The ways and means of how this will be done is currently subject to consultation (consultation period ends 24th January) which might be why the article on Poor mental health care endangers public appeared in the Telegraph. My guess is that the consultation is not going well and that the clinicians and other involved professionals remain unhappy (as they were about the legislation in the first place) and the DoH (or lobbying groups like the Zeto Trust) are trying to spin the issues of safety etc as a way of undermining opposition to their plans. You can find full details about the new legislation and implementation plans here.

See the Mental Health Alliance campaign site for the reasons why many people don´t support the new Act and for how the implementation of the Act is progressing.
Very informative - many thanks for that. Looking at implications, I am wondering where that would leave someone who accepts treatment 'informally', and then decides for themselves to reject that treatment as no longer appropriate or adequate. I have heard close-hand, of moves by certain MH Staff to provoke informal patients into stepping over the line and invoking section, so that 'they' - the Staff, can compel treatment under a uniformly oppressive regime and implement the compulsory follow-up that you describe.

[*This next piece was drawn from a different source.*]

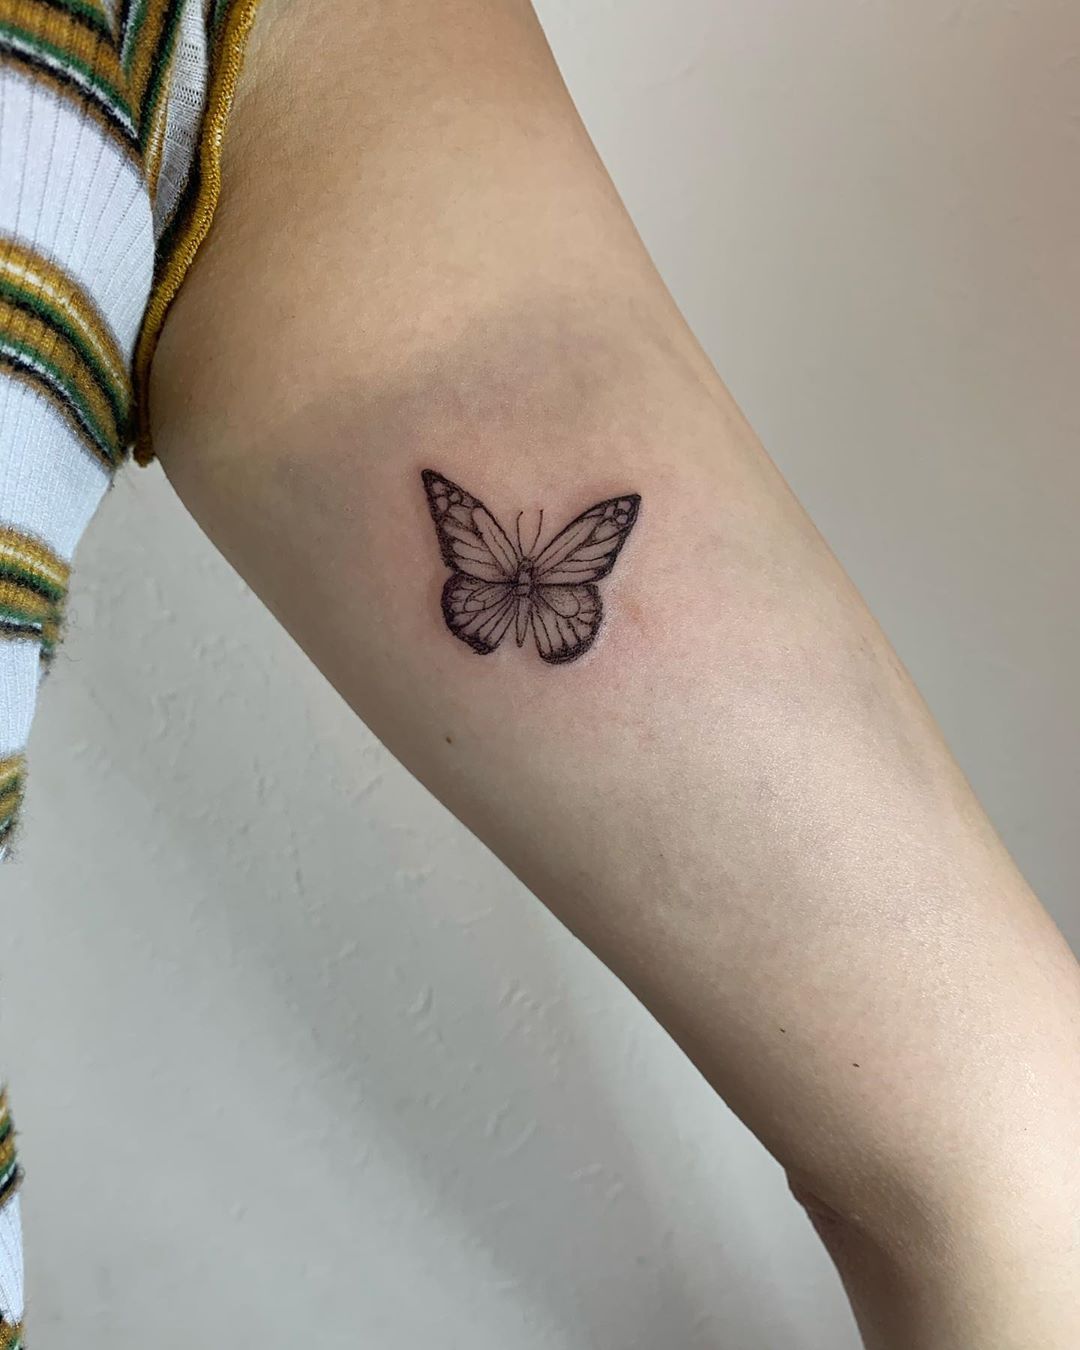 Tokyo Tattoo Studio Small Butterfly Just No Strong Black Lines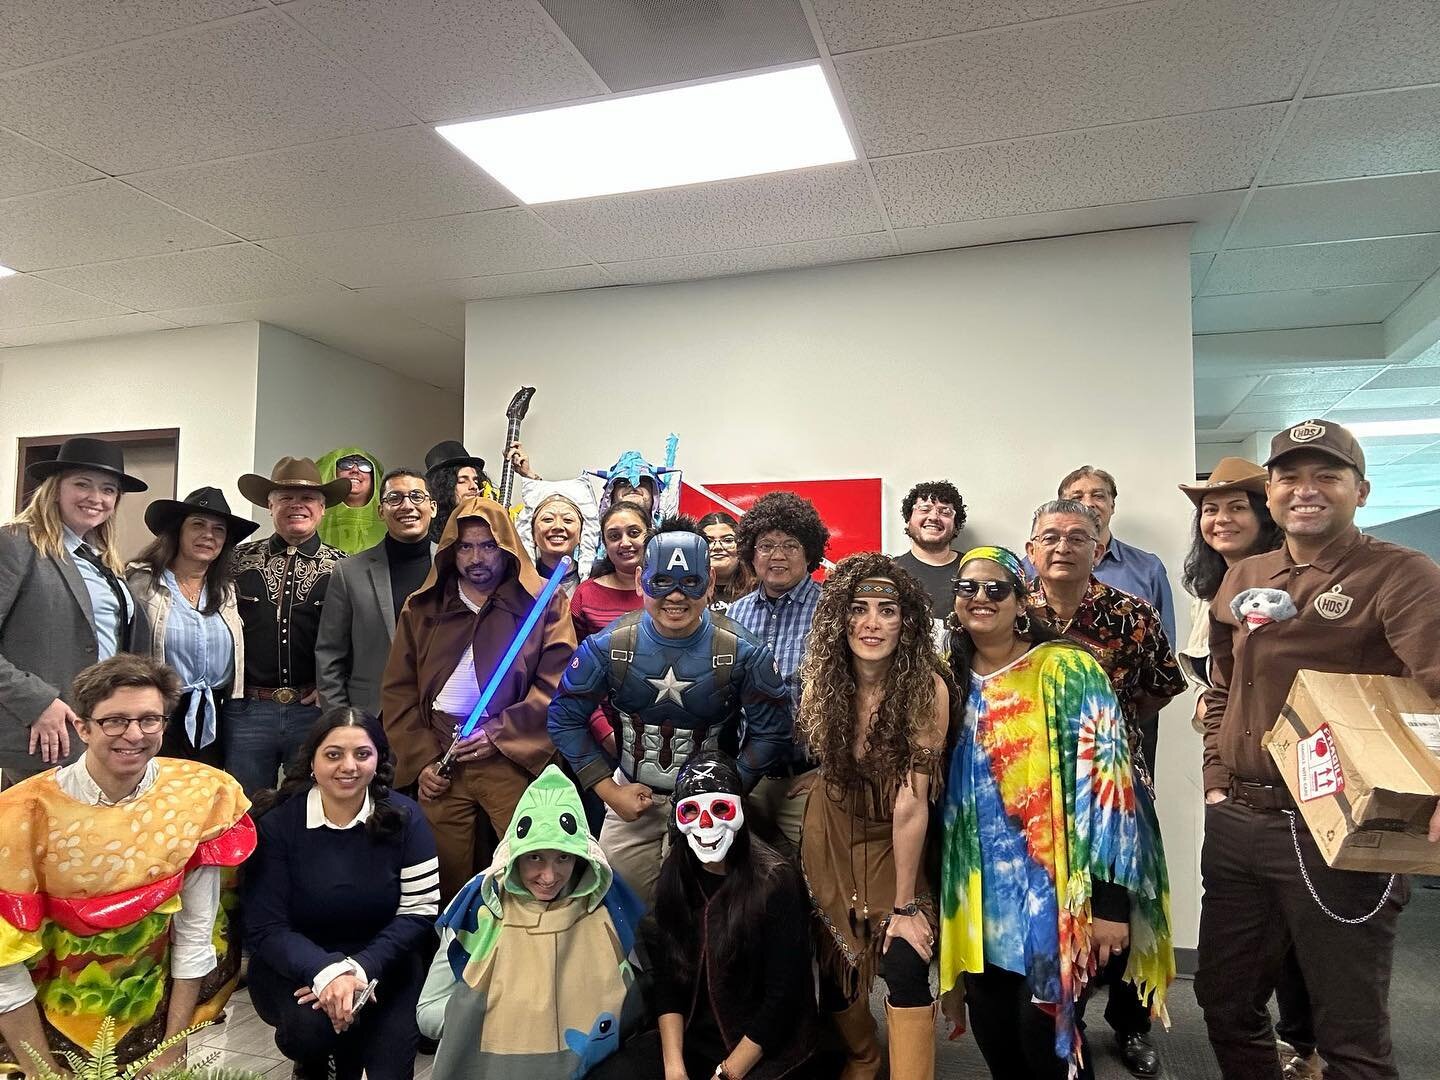 Our annual Halloween Costume contest! The Tucker Sadler team always has a blast together! 🎃👻

Incidentally, the confusion is compounded when you cross the border into Scotland, because CTOs there are unequivocally Compulsory Treatment Orders. Presumably SCTs would also be Compulsory, and not Community Treatment. Or maybe this is intended ambivalence to turn the tables on non-compliance with treatment orders. Do you have something on this, also?

Also, it has been long observed that poor community care is largely responsible for a proliferation of almost non-sensical syndromes, as the psychiatric industry comes up with new and lucrative bi-products by marketing their diagnostic innovations, the revolving door - as well as some high profile excesses by neglected patients which splash all over and sell tabloid newspapers, not to forget giving Marjorie Wallace ants in her pants as she fields the back-lash from a manipulated public.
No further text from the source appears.